We have already noted (Chapter 11) that Zeezrom began to fear and tremble because the missionaries were able to tell his very thoughts. The manner of his life was laid bare before him, and in it he saw the duplicity of his motives and the blackness of his heart. He became sore afraid, for we imagine he had hidden there some follies which he would fain forget, and in trepidation lest Alma or Amulek should reveal them, he trembled more and more at the prospect. Also, we have noted that although Zeezrom had sunk to a depth of moral turpitude from which men seldom rise, he was not the base creature who revels in filth because his comrades are unclean. He saw and realized that the light that surrounded Alma and Amulek was the Light of Truth, and the power he was combating was the Power of God. His heart began to acknowledge its guilt.
In this frame of mind and spirit, Zeezrom commenced to inquire of the missionaries of things pertaining to the Kingdom of God. Not now in mockery, nor did he revile the warnings of Alma and Amulek, but in solemn earnestness, he sought to know the meaning of Amulek's words that all, both the just and the unjust, shall rise from the dead, "and are brought to stand before God to be judged according to their works."
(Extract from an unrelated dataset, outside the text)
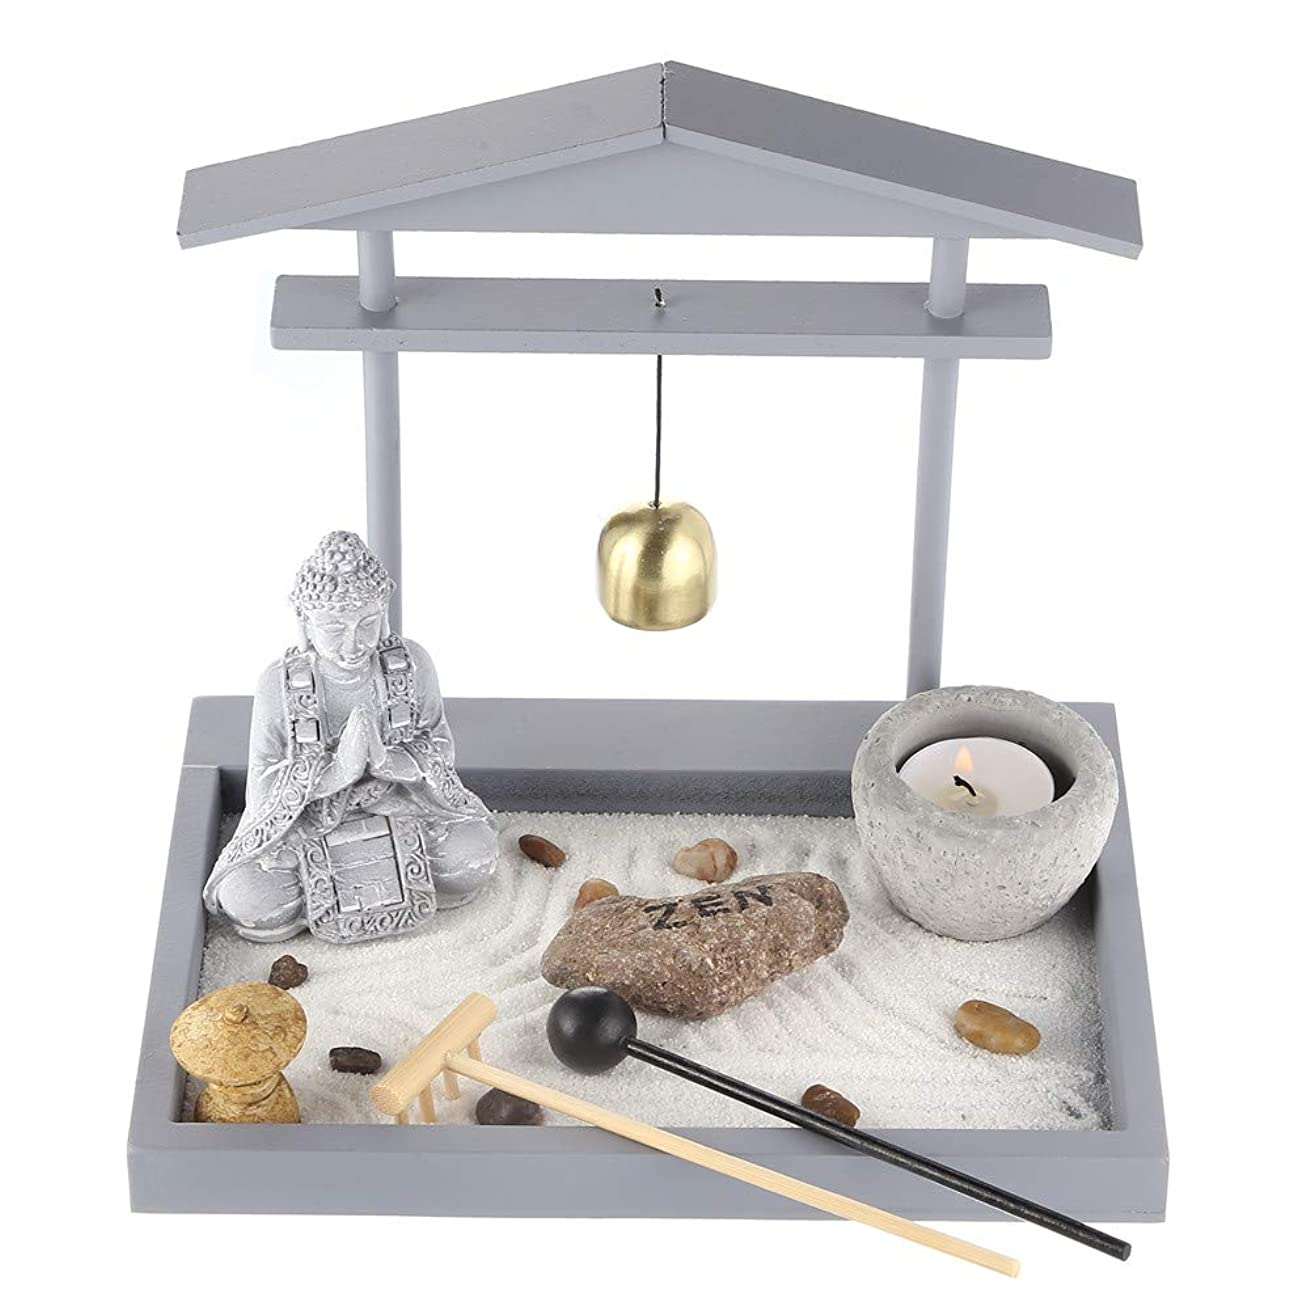 Prime Feng Shui Zen Garden Buddha Figures Mini Bell Archway Garden Kit with Sand Rocks Rake Tower Candle Holder Best Gift(Grey)

The answers to the questions he asked were like a two-edged sword, piercing to his innermost soul, bringing to him a terrible sense of his awful position before God, and encompassing him with the pains of hell which in his case was remorse. Zeezrom realized that he had been a leader in inquity, that his lyings and deceptions had greatly contributed to dragging the people down to their existing state of corruption, and that he was among those most responsible for the hardness of their hearts.